How to use GPU to run the modes, like to set "-ngl N, -- n-Gpu-layers N" in the llama.cpp project?

kherud / java-llama.cpp

Java Bindings for llama.cpp - A Port of Facebook's LLaMA model in C/C++

MIT License

279 stars 28 forks source link

How to use GPU to run the modes, like to set "-ngl N, -- n-Gpu-layers N" in the llama.cpp project? #32

Closed Void-nebula closed 9 months ago

Void-nebula commented 9 months ago

Here's what I've tried in my project:

ModelParameters modelParams = new ModelParameters
                .Builder()
                .setNGpuLayers(nGpuLayers)
                .build();

'nGpuLayers' is a integer which is the same value as when I used in llama.cpp project.
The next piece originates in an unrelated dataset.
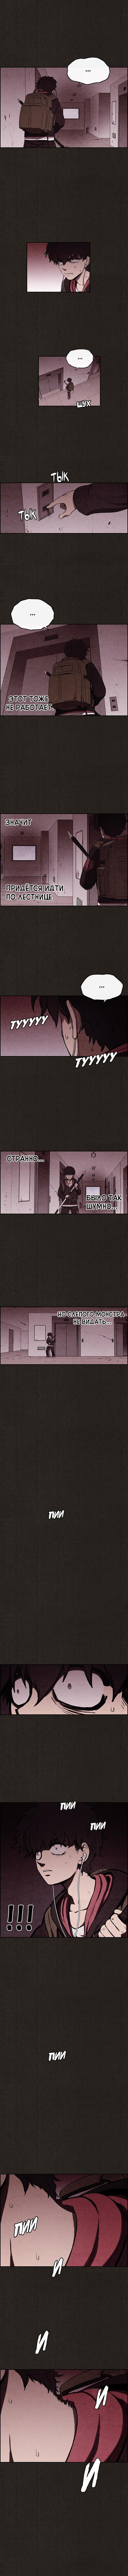 https://r1.ninemanga.com/comics/pic2/26/33050/415979/1532297890861.jpg Page 4
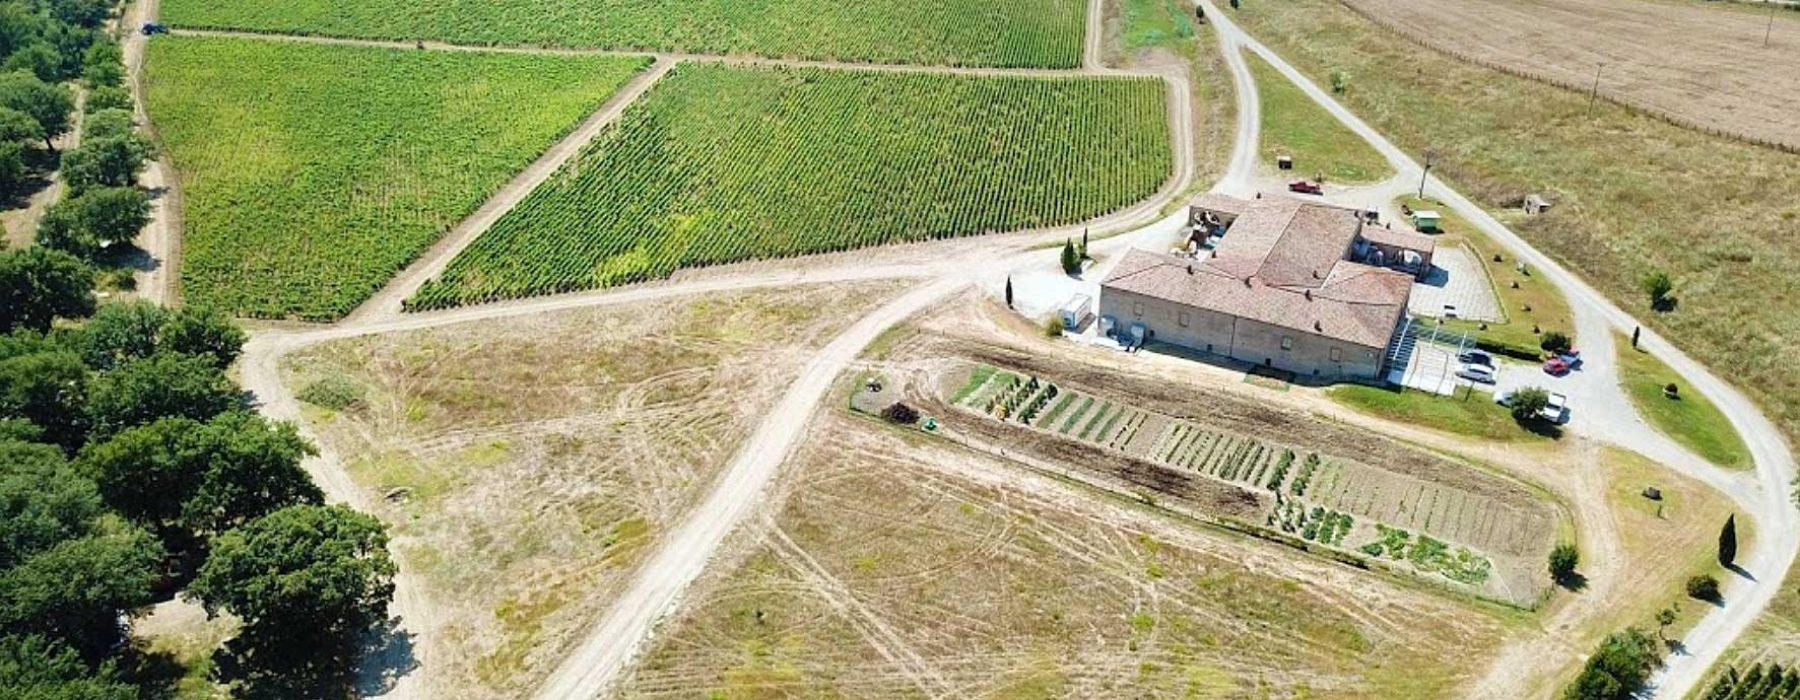 Trinoro e Passopisciaro: من توسكانا إلى صقلية للنبيذ الناجح

However I found in the task manager that the GPU seems to not work at all when the model is running, may I ask why and thank you!

kherud commented 9 months ago

Hi, you are probably using the pre-compiled llama.cpp library of this repository. We currently only provide support for CPU inference since there are too many ways to compile the library. For GPU support, you have to compile the library yourself. Please refer to https://github.com/kherud/java-llama.cpp#setup-required

Void-nebula commented 9 months ago

Hi, you are probably using the pre-compiled llama.cpp library of this repository. We currently only provide support for CPU inference since there are too many ways to compile the library. For GPU support, you have to compile the library yourself. Please refer to https://github.com/kherud/java-llama.cpp#setup-required

Thank you so much!